The SAS4A safety analysis code, originally developed for the analysis of postulated severe accidents in oxide fuel sodium-cooled fast reactors (SFRs), has been significantly extended to allow the mechanistic analysis of severe accidents in metallic fuel SFRs. The SAS4A metallic fuel models simulate the metallic fuel thermomechanical and chemical behavior and track the evolution and relocation of multiple fuel and cladding components during the pretransient irradiation and during the postulated accident, allowing an accurate description of the changes in the local fuel composition. The local fuel composition determines the fuel thermophysical properties, such as freezing and melting temperatures, which in turn affect the fuel relocation behavior and ultimately the core reactivity and power history during the postulated accidents. Models describing the fuel-cladding interaction and eutectic formation, the effects of the in-pin sodium on the in-pin fuel relocation, and the postfailure reentry of the molten fuel and fission gas from the pin plenum have also been added.

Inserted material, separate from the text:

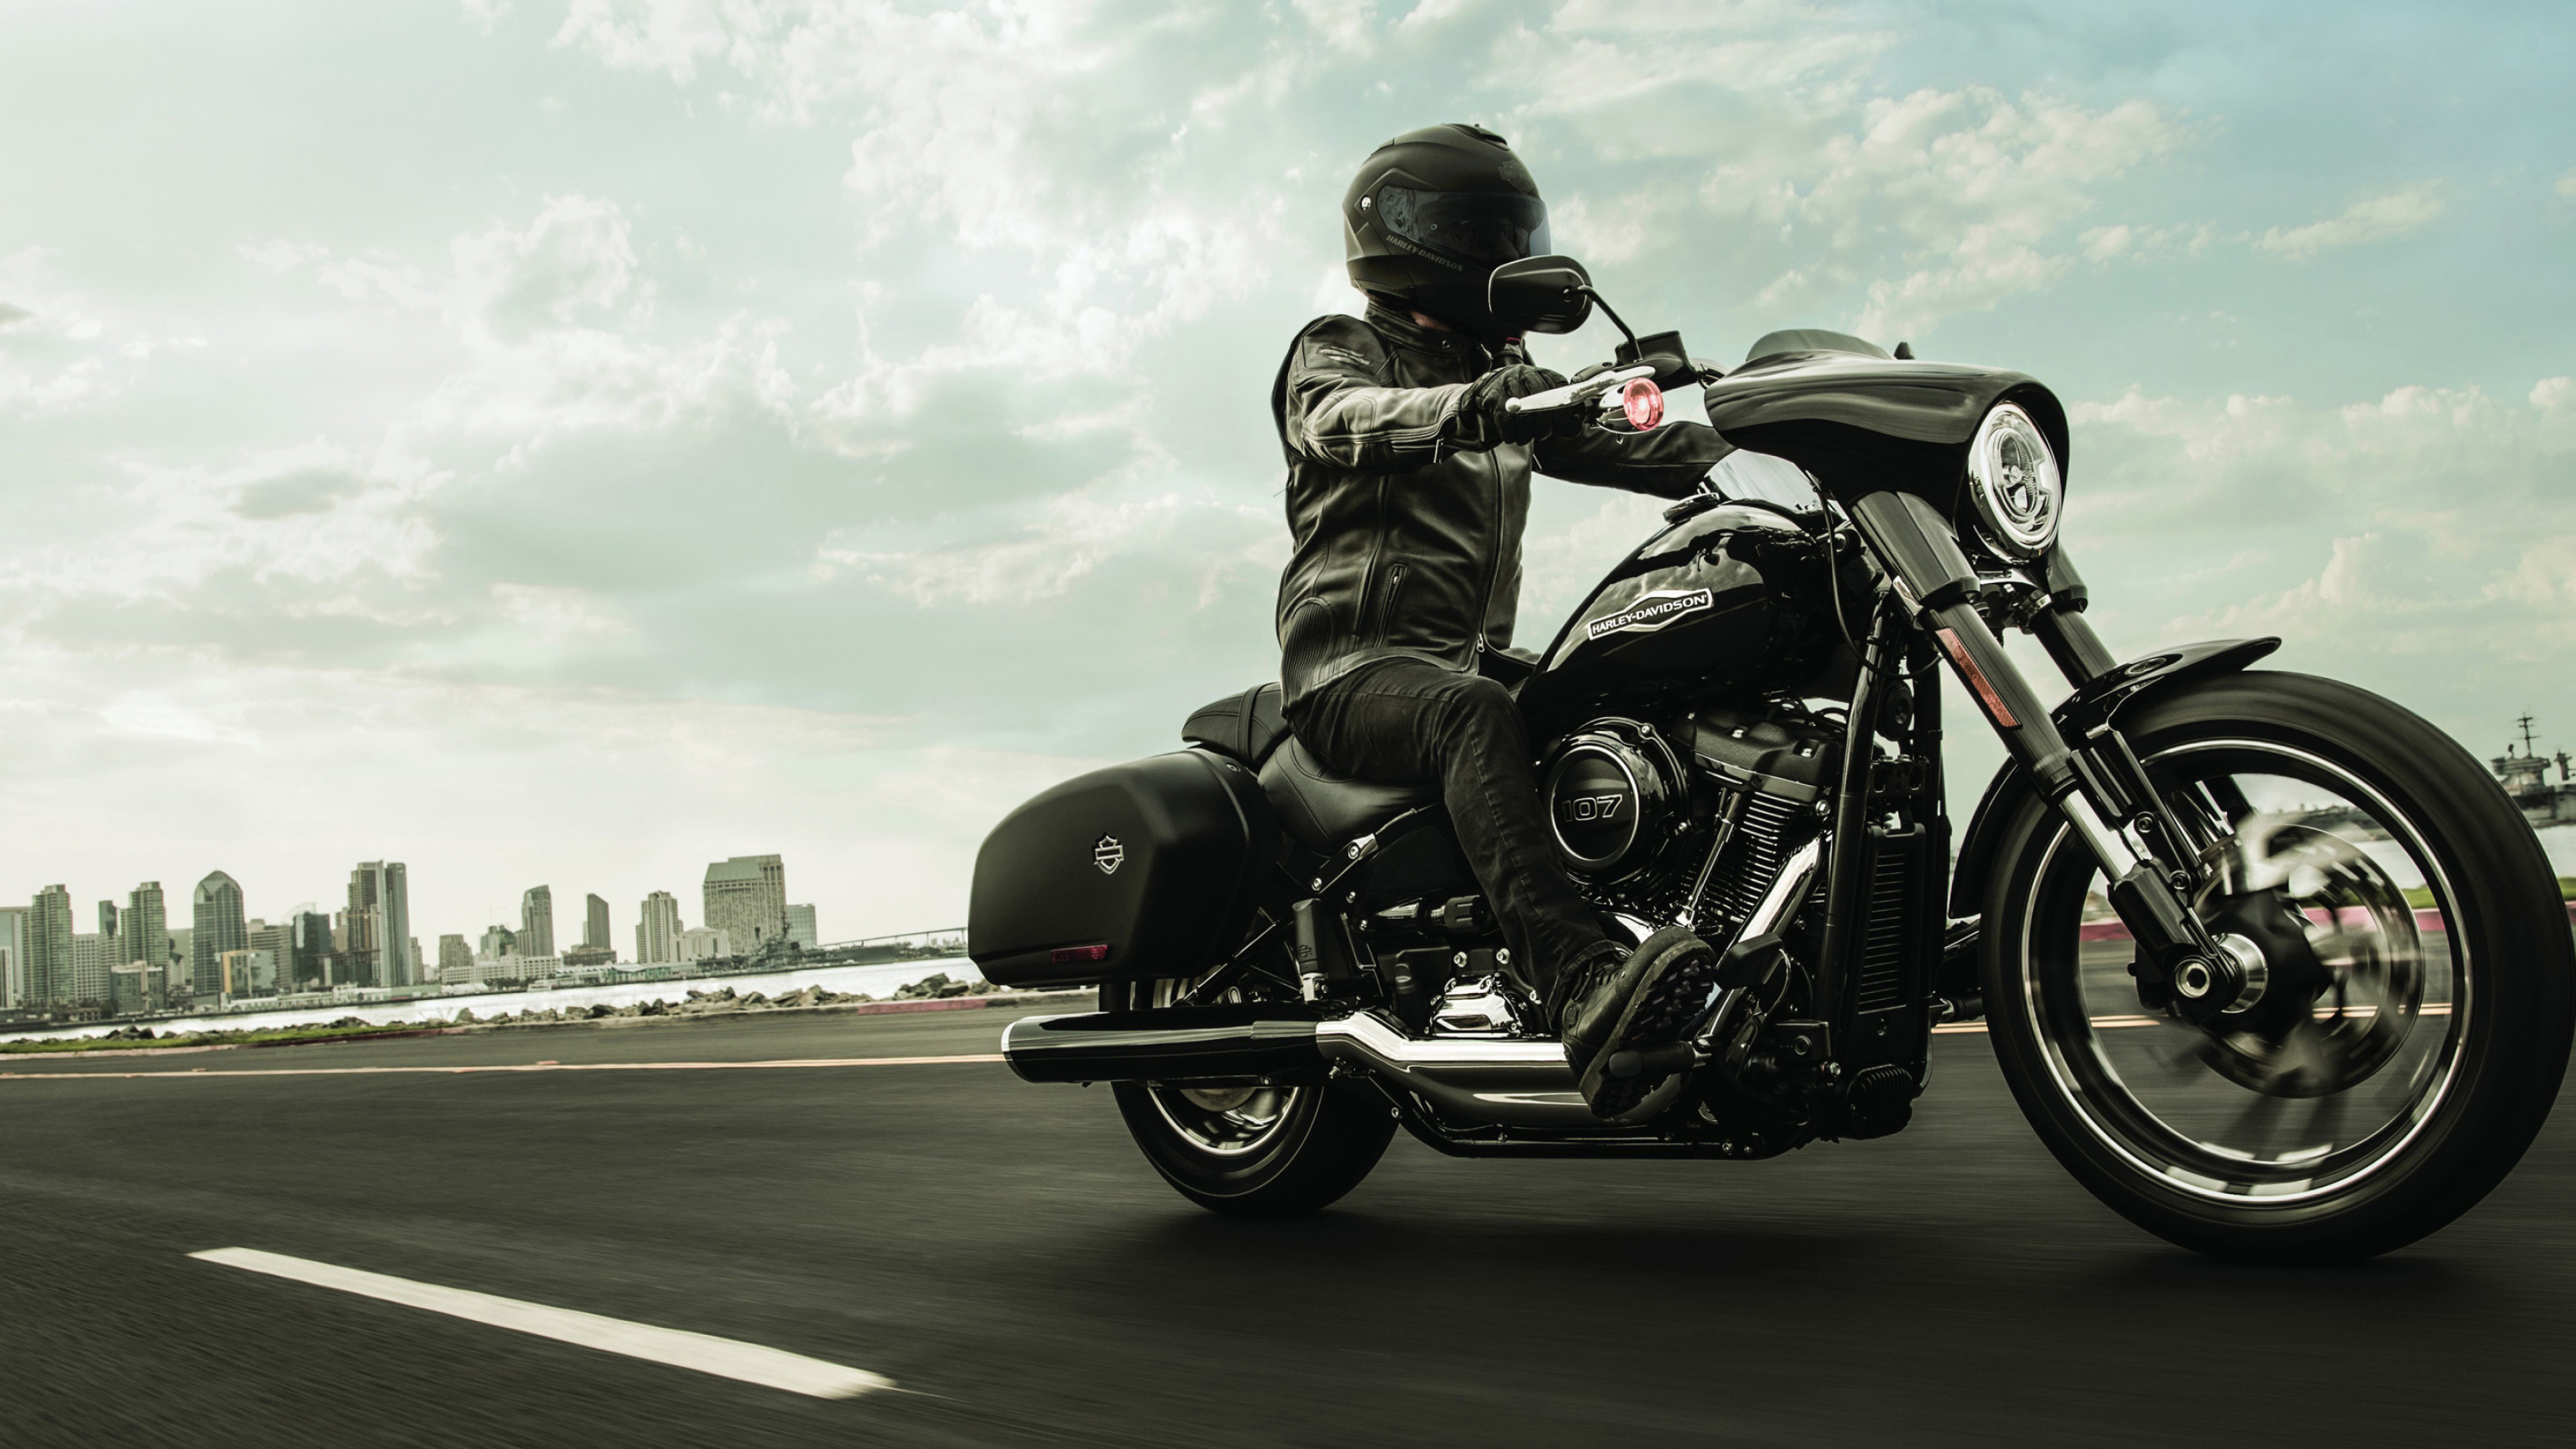 Harley-Davidson Sport Glide, Adventure motorcycle, All-purpose ride, Stylish cruiser, 3840x2160 4K Desktop
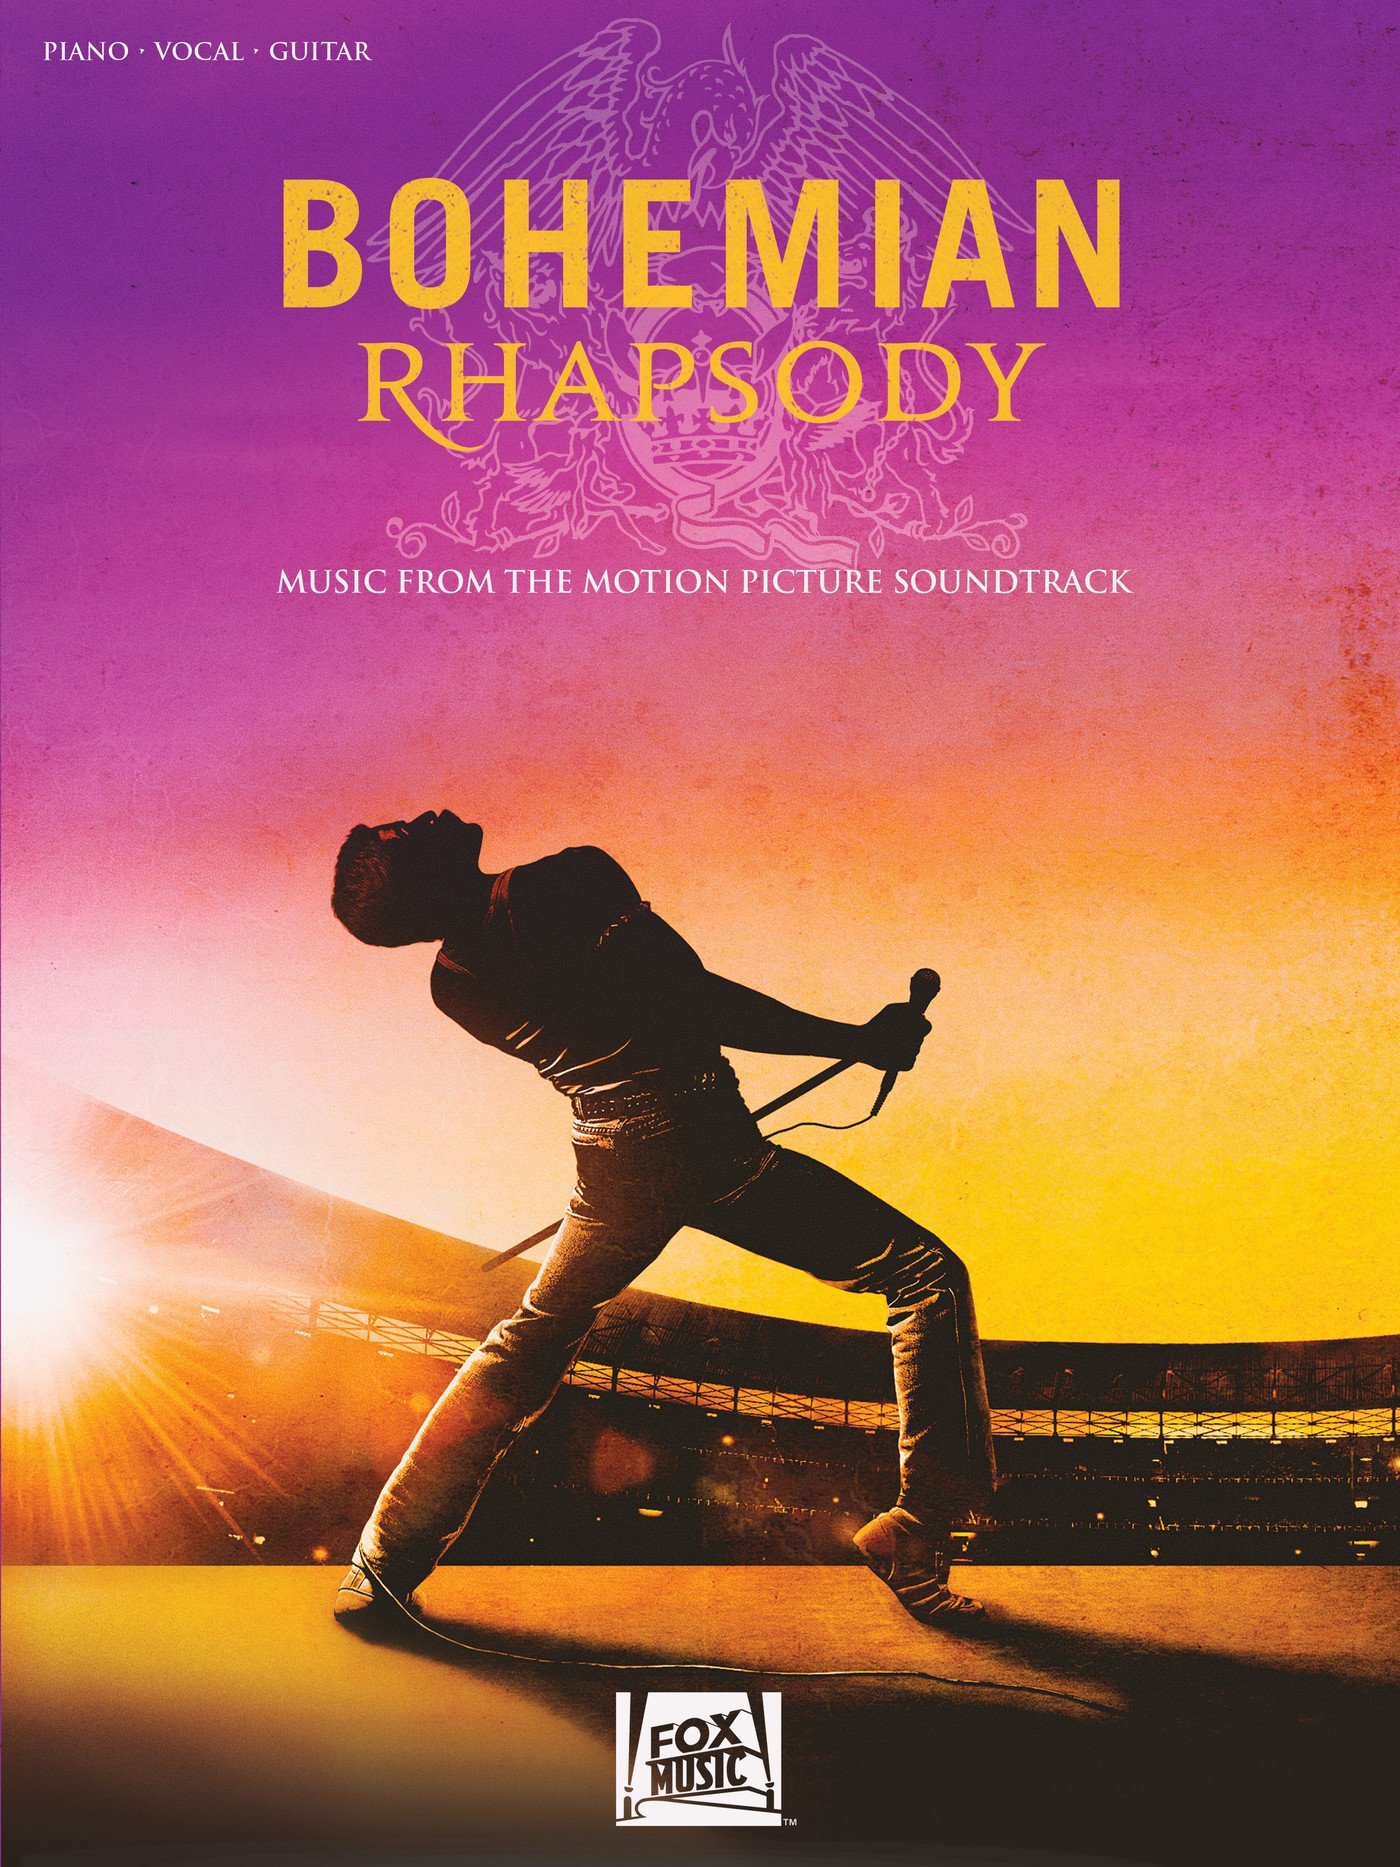 Bohemian Rhapsody download the last version for apple

This paper provides an overview of the SAS4A key metallic fuel models emphasizing the postfailure metallic fuel relocation models included in the LEVITATE-M module of SAS4A. The capabilities of the SAS4A metallic fuel models are illustrated through an extended SAS4A analysis of a postulated unprotected loss-of-flow and transient-overpower accident in the metallic fuel prototype Gen-IV sodium fast reactor. The results show that the maximum relative power reached during the postulated accident is 1.19 P0. The favorable characteristics of the metallic fuel cause a significant decrease in net reactivity and relative power due to prefailure in-pin fuel relocation. Negative net reactivity values persist after cladding failure, and the postfailure fuel relocation events occur at low and decreasing power levels.